__Task statement__
Reproduce the listing that follows word for word, without its pictures.

>>>>>

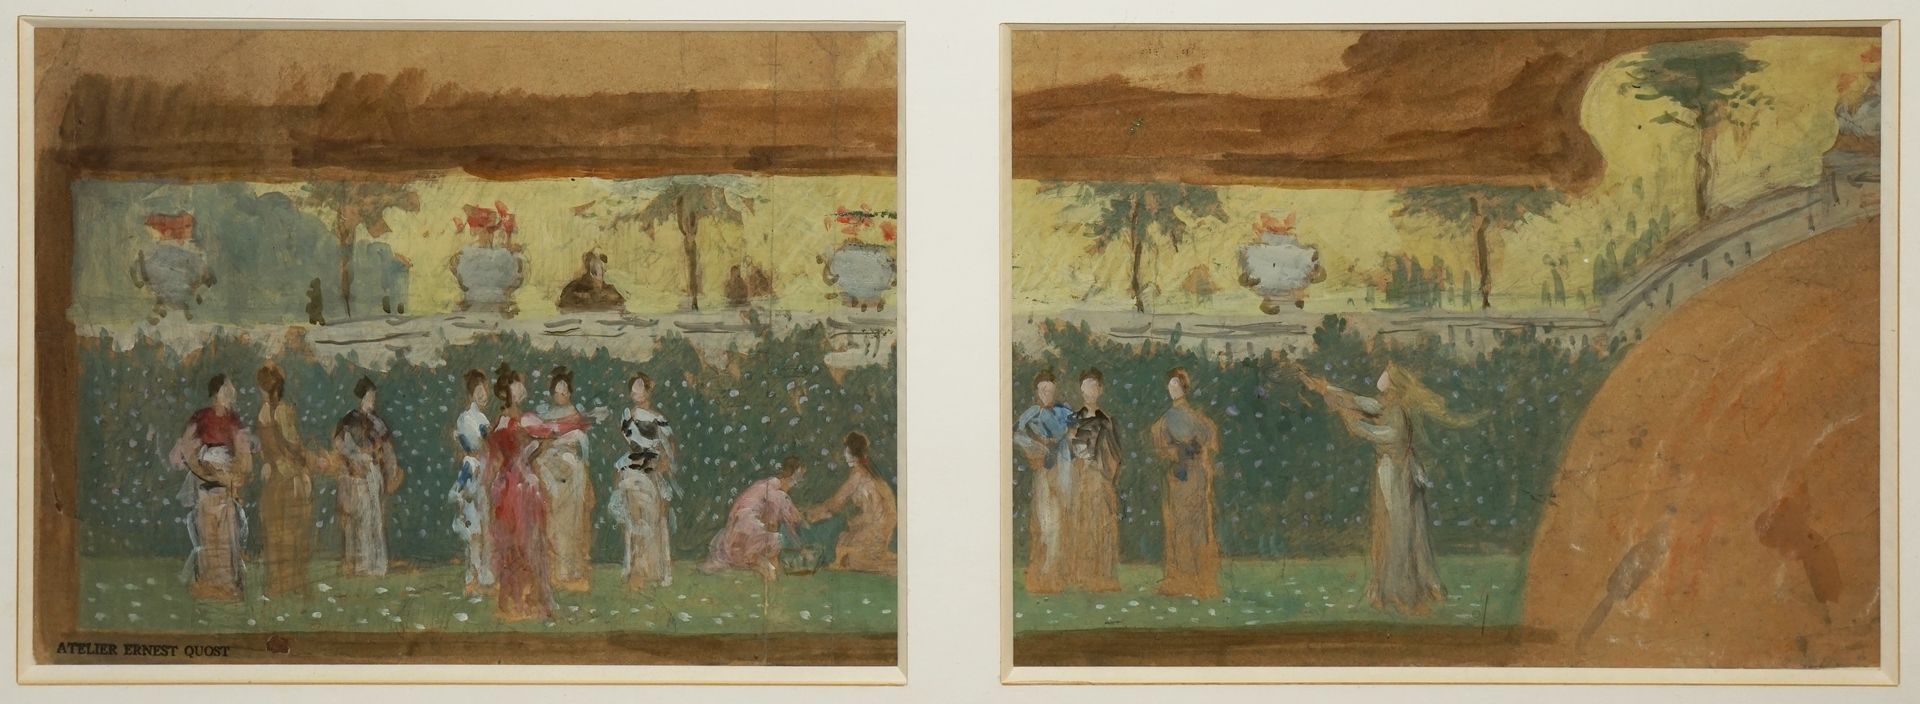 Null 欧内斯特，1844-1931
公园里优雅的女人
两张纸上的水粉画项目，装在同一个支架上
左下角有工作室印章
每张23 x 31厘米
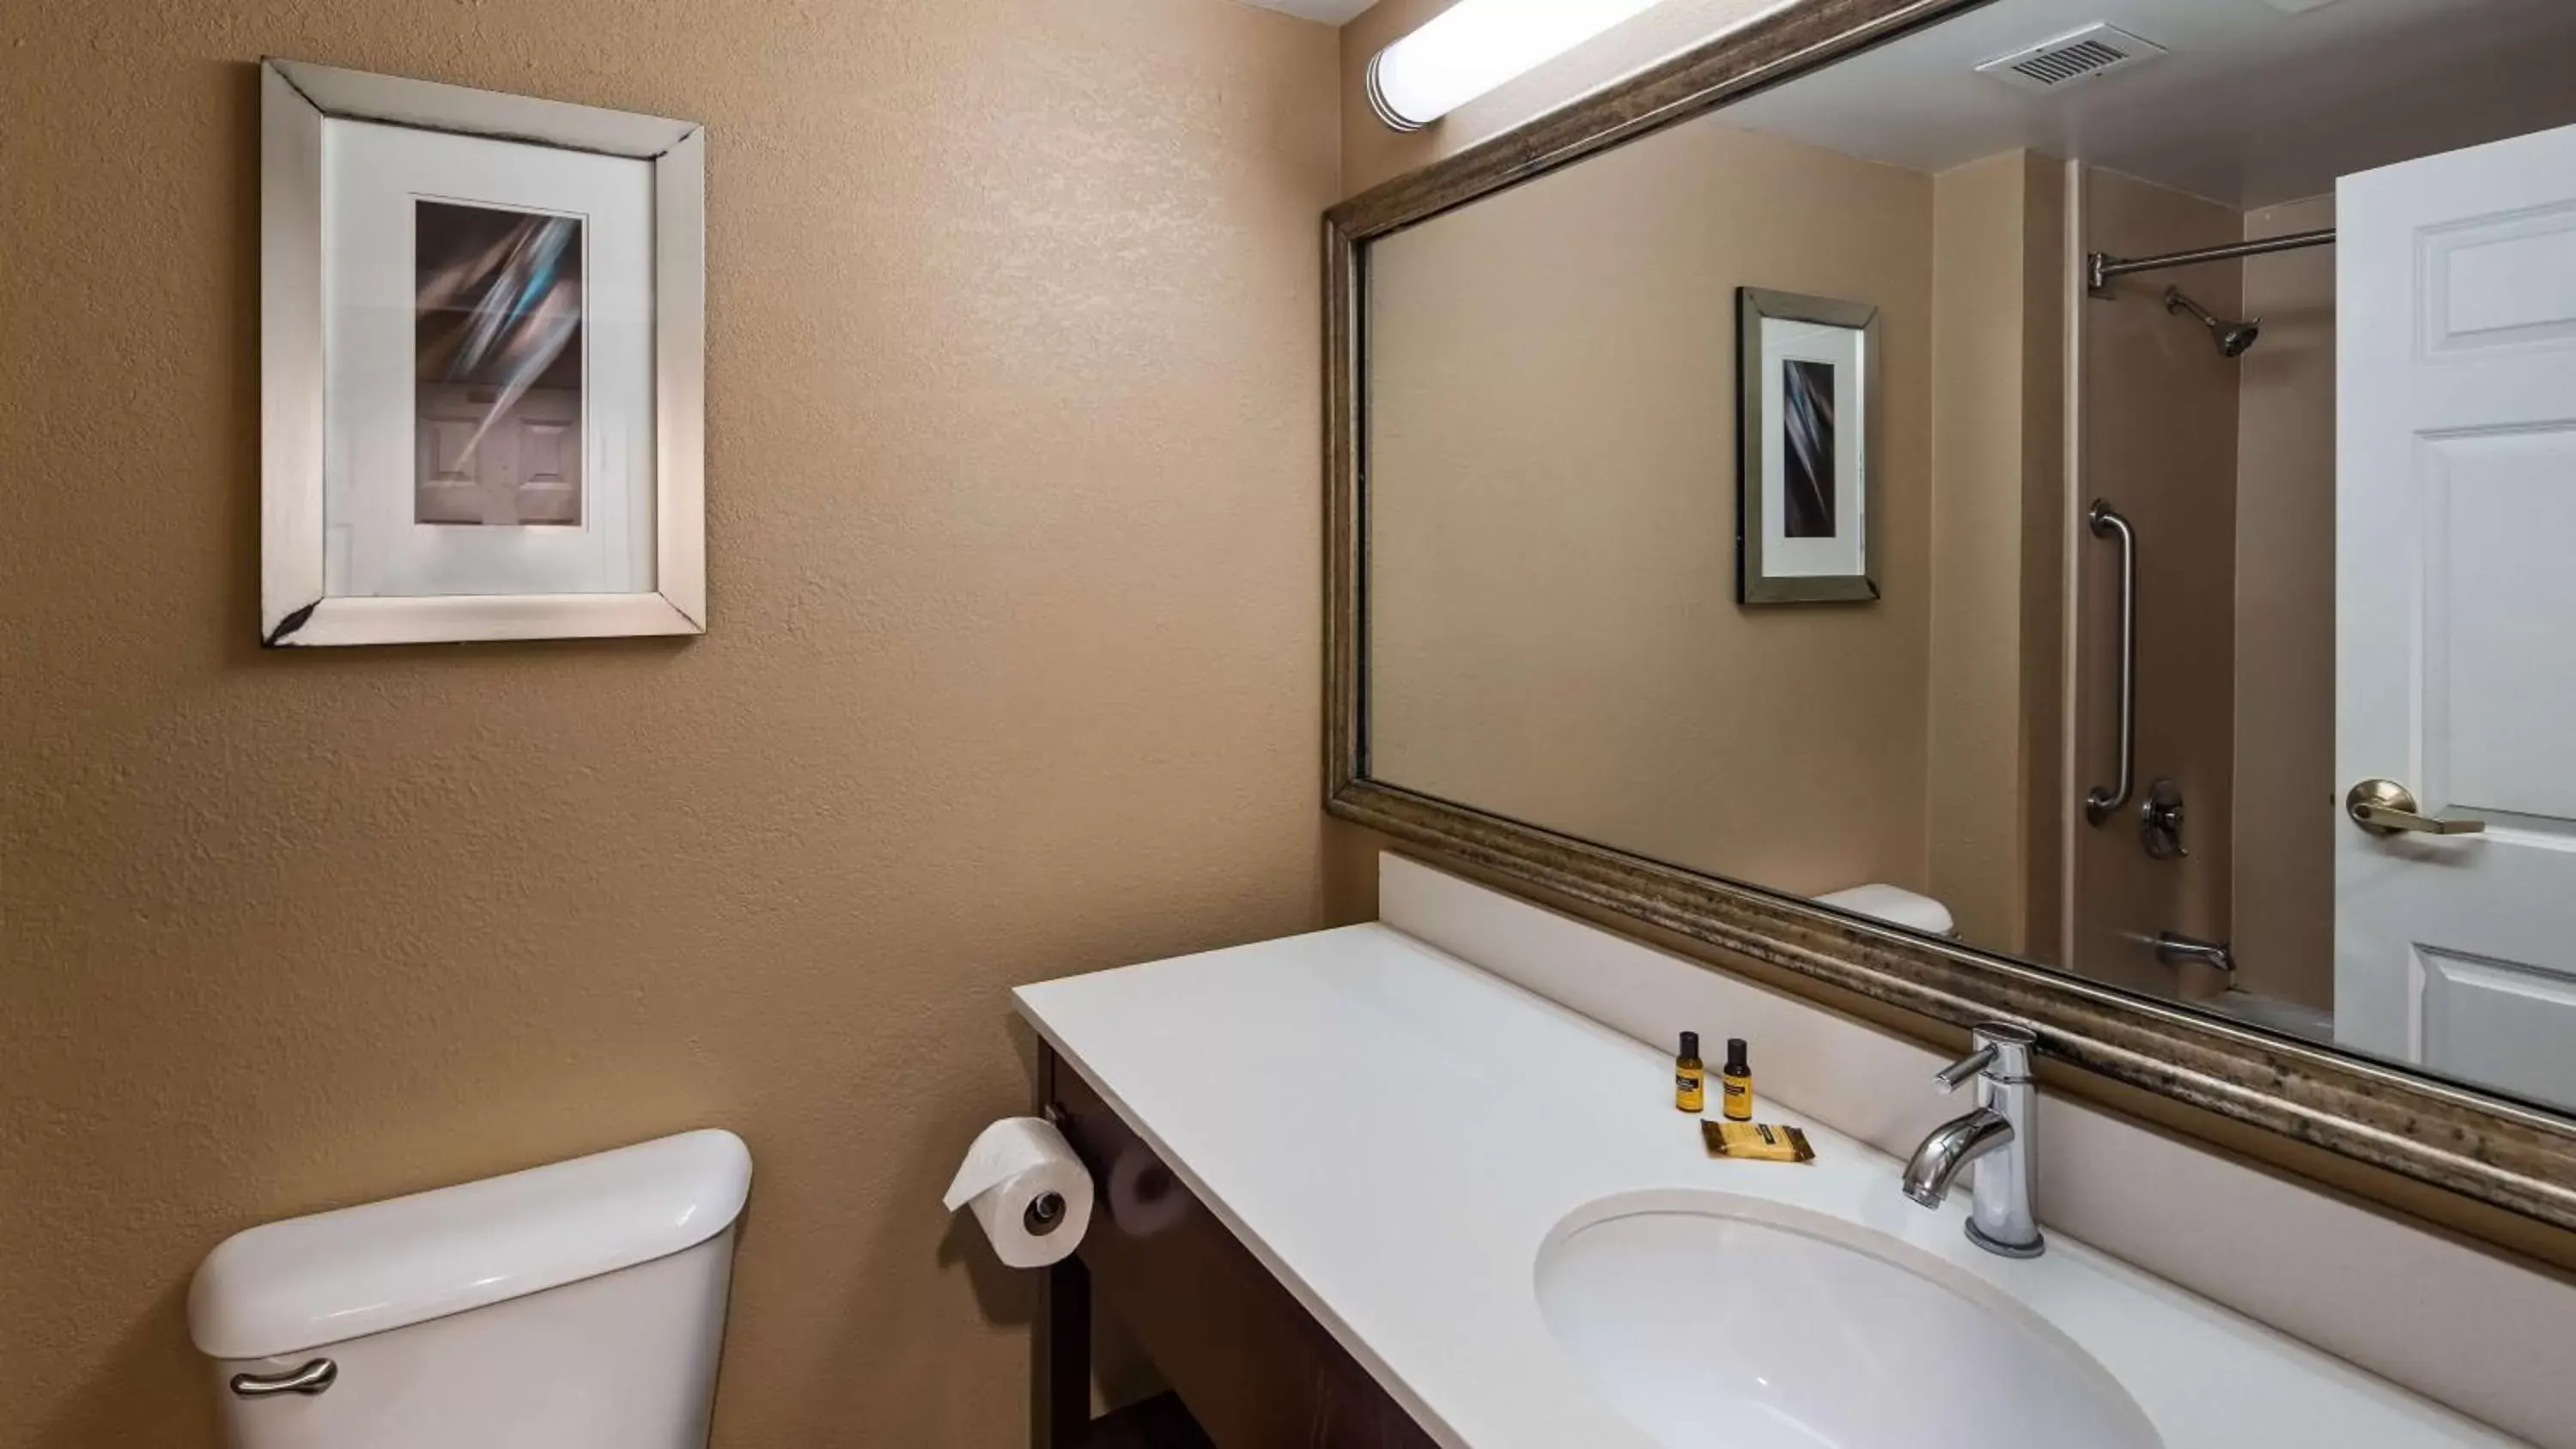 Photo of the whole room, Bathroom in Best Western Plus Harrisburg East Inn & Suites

<<<<<

__Result__
 Null 欧内斯特，1844-1931
公园里优雅的女人
两张纸上的水粉画项目，装在同一个支架上
左下角有工作室印章
每张23 x 31厘米
 Photo of the whole room, Bathroom in Best Western Plus Harrisburg East Inn & Suites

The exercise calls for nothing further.